Friday, April 1, 2011

Civil Securities Litigation Surrounding Fred Hassan's Penultimate Debacle -- At Pharmacia -- Boils Down To A Sticky Tar. . .


Here almost eight years after Pharmacia was sold to Pfizer by Fred Hassan and Carrie Cox (background post), the earlier business decisions of Fred Hassan and Carrie Cox -- (allegedly) delaying disclosure of pivotal Bextra® study results, and promoting Celebrex® off-label -- whilst leading Pharmacia, are finally reaching the light of day, in the federal District courthouse in Newark, New Jersey. eight years -- and two companies ago, now.

Just yesterday, the very capable US Magistrate Toni J. Bongiovanni ordered lawyers for the defense to explain why they are claiming priviledge on a memo that went to "Distribution Groups" -- quite often, a sign that it travelled beyond the confines of attorney client priviledge. In essence, she ruled as follows:

. . . .[T]he Court is concerned with the following privilege log entries: Document Nos. 28, 141 and 142. The Court notes that with respect to Document No. 28, Defendants have only identified the Addressee as “Distribution Groups.” Without more information concerning who makes up the “Distribution Groups” the Court cannot be certain that the claimed attorney-client and work product privileges have not been waived. This is true despite the fact that the document, which is an e-mail prepared by or at the direction of an attorney that pertains to Defendants’ litigation hold, would otherwise appear to appropriately have been marked as privileged. As such, Defendants are directed to provide the Court and Plaintiffs with additional information regarding the “Distribution Groups” no later than April 8, 2011.

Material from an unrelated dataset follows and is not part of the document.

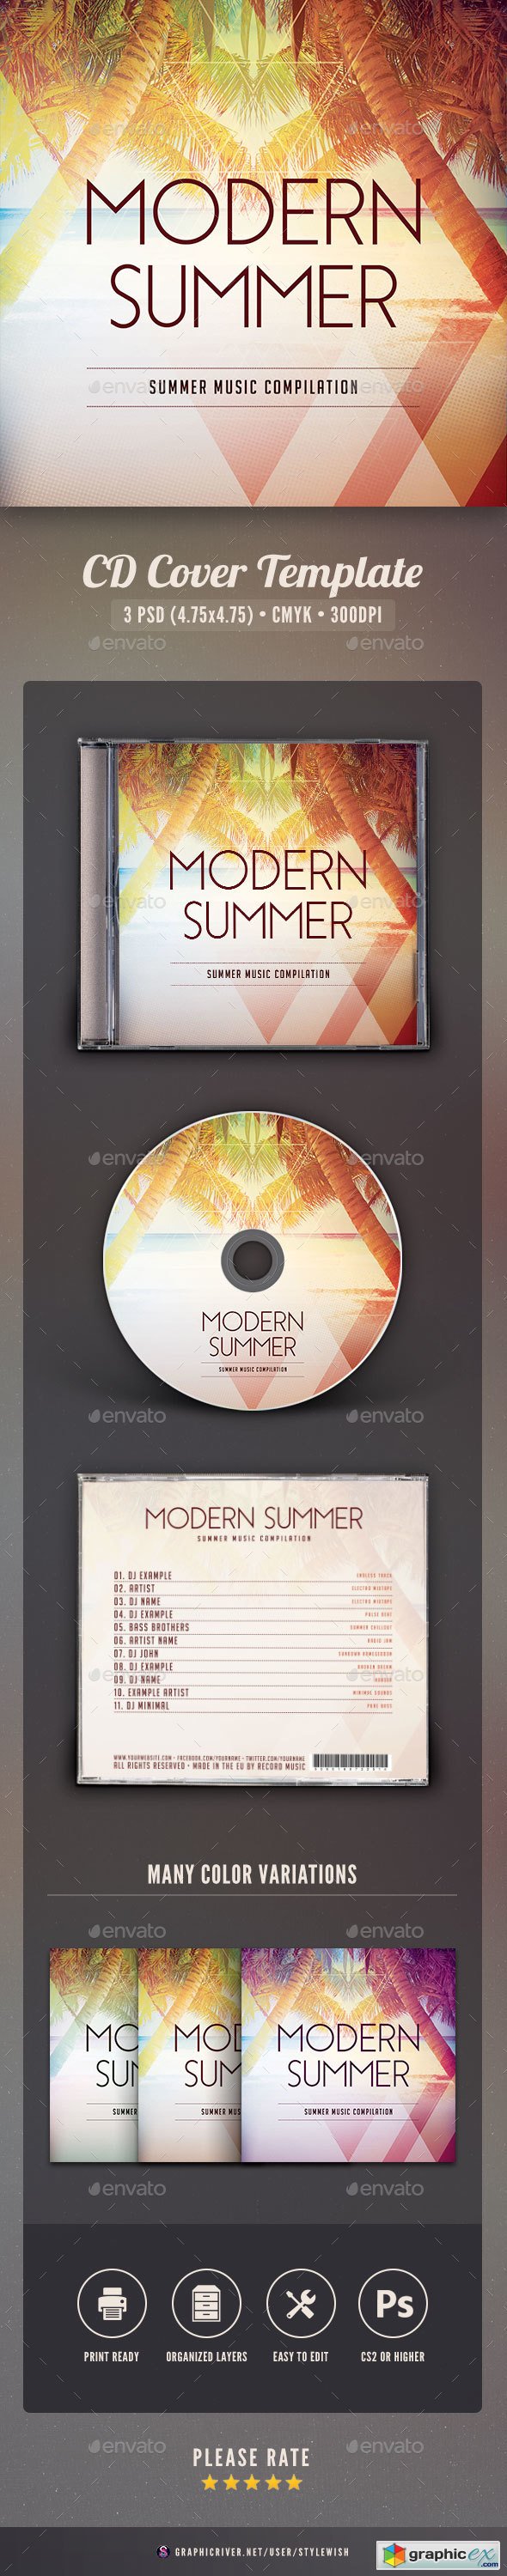 Modern Summer CD Cover Artwork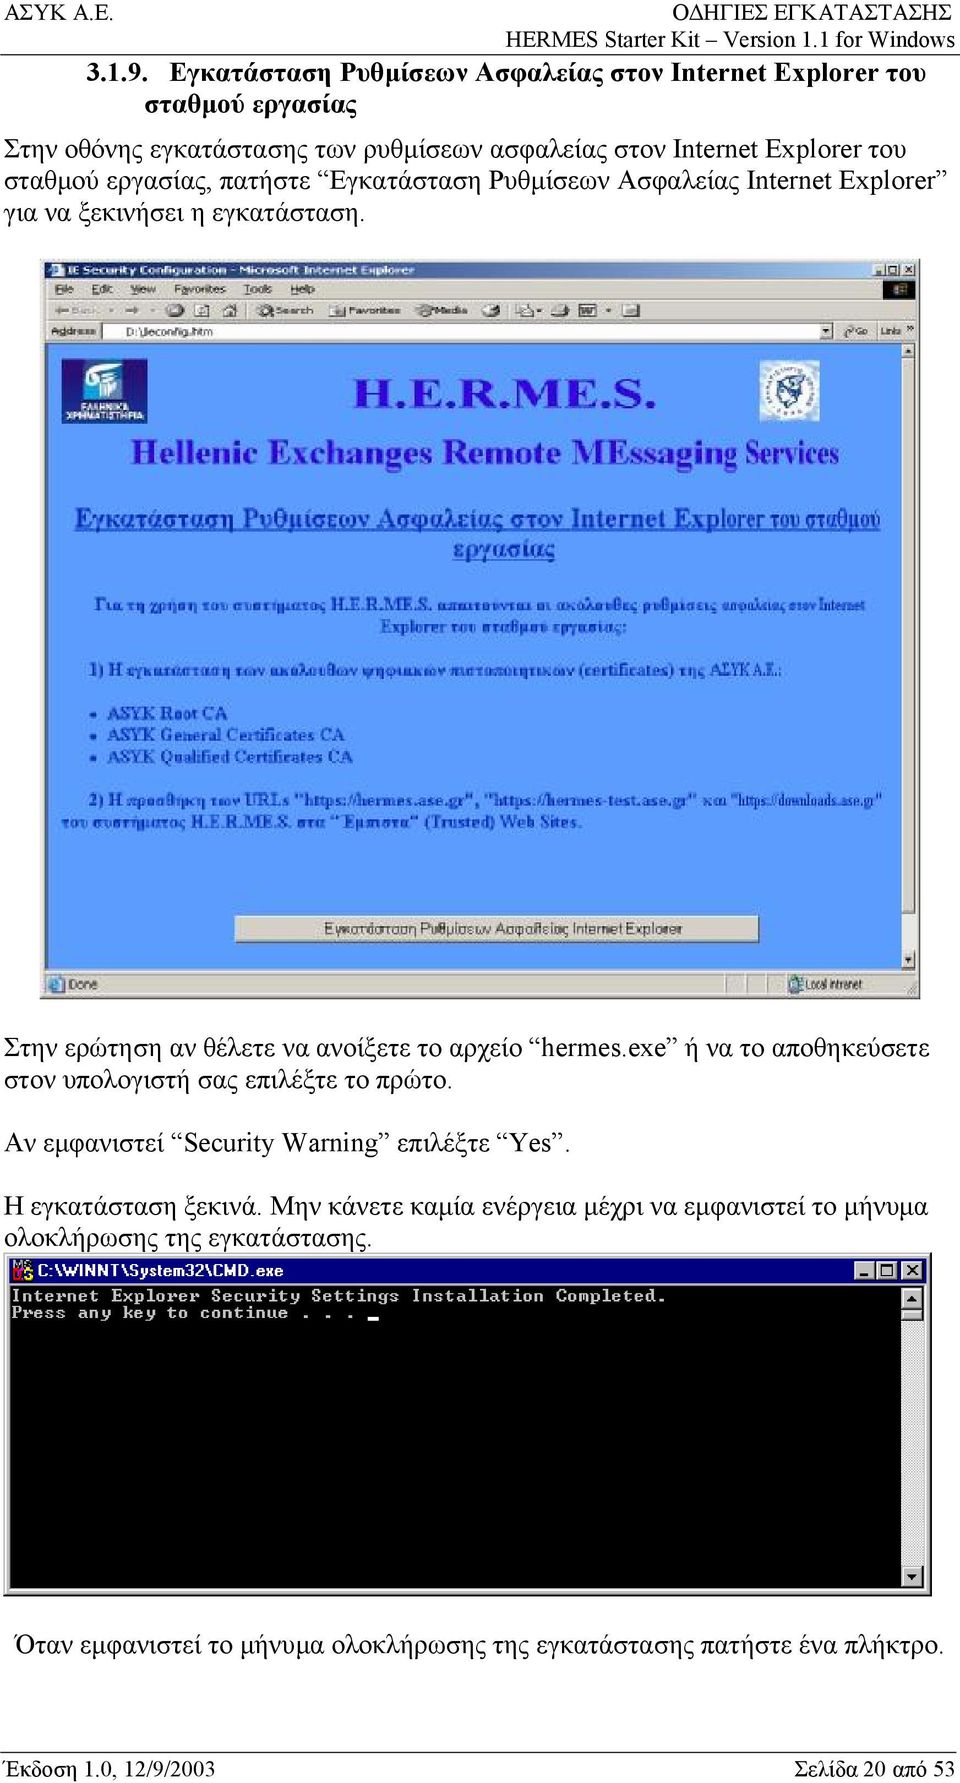 εργασίας, πατήστε Εγκατάσταση Ρυθμίσεων Ασφαλείας Internet Explorer για να ξεκινήσει η εγκατάσταση. Στην ερώτηση αν θέλετε να ανοίξετε το αρχείο hermes.

Further, with respect to Document Nos. 141 and 142, the Court notes that Plaintiffs, in part, object to Defendants’ privilege claims because these documents were shared with a third party. The Court, however, does not currently have sufficient information to determine whether Document Nos. 141 and 142 were, in fact, shared with a third party and whether this distribution eviscerates Defendants’ claim of privilege. As a result, the Court instructs Plaintiffs’ to provide a more detailed argument regarding their objection based on the fact that these documents were distributed to a third party no later than April 8, 2011. The Court further instructs Defendants to respond to Plaintiffs’ letter no later than April 15, 2011. No additional briefing is permitted absent prior Court approval.
IT IS SO ORDERED.

/s/ Tonianne J. Bongiovanni

TONIANNE J. BONGIOVANNI

United States Magistrate Judge. . . .

We will keep an eye on this -- as these same predicate facts were at issue in the DoJ criminal case that led to the largest criminal fine in US pharma's history ($1.2 billion), last year (paid by Pfizer, on account of Hassan's actions while at Pharmacia).

1 comment:

Anonymous said...

Merck has given the Advisory Board in Oss he requested data why the deal with party X was rejected by Merck. After studying those data the Advisory board advised to re-open talks with Party X, according to advisers of the ADdvosry Board (RABO International and Professor Hans Schenk) the deal would benefit Merck instead of costing 700 million dollar. If they choose not to re-open the talks with Party X the Advisory Board advises to keep the R&D open,that's what they in fact meant. The Advisory oard consisted in representatives of Workscouncil, Trade Unions and Advisory Board of Organon. Now Merck has to decide what to do with the advise. The courtcase of Workscouncil against MSD is cancelled. They would have no chanche, they can't influence decisions made in the USA.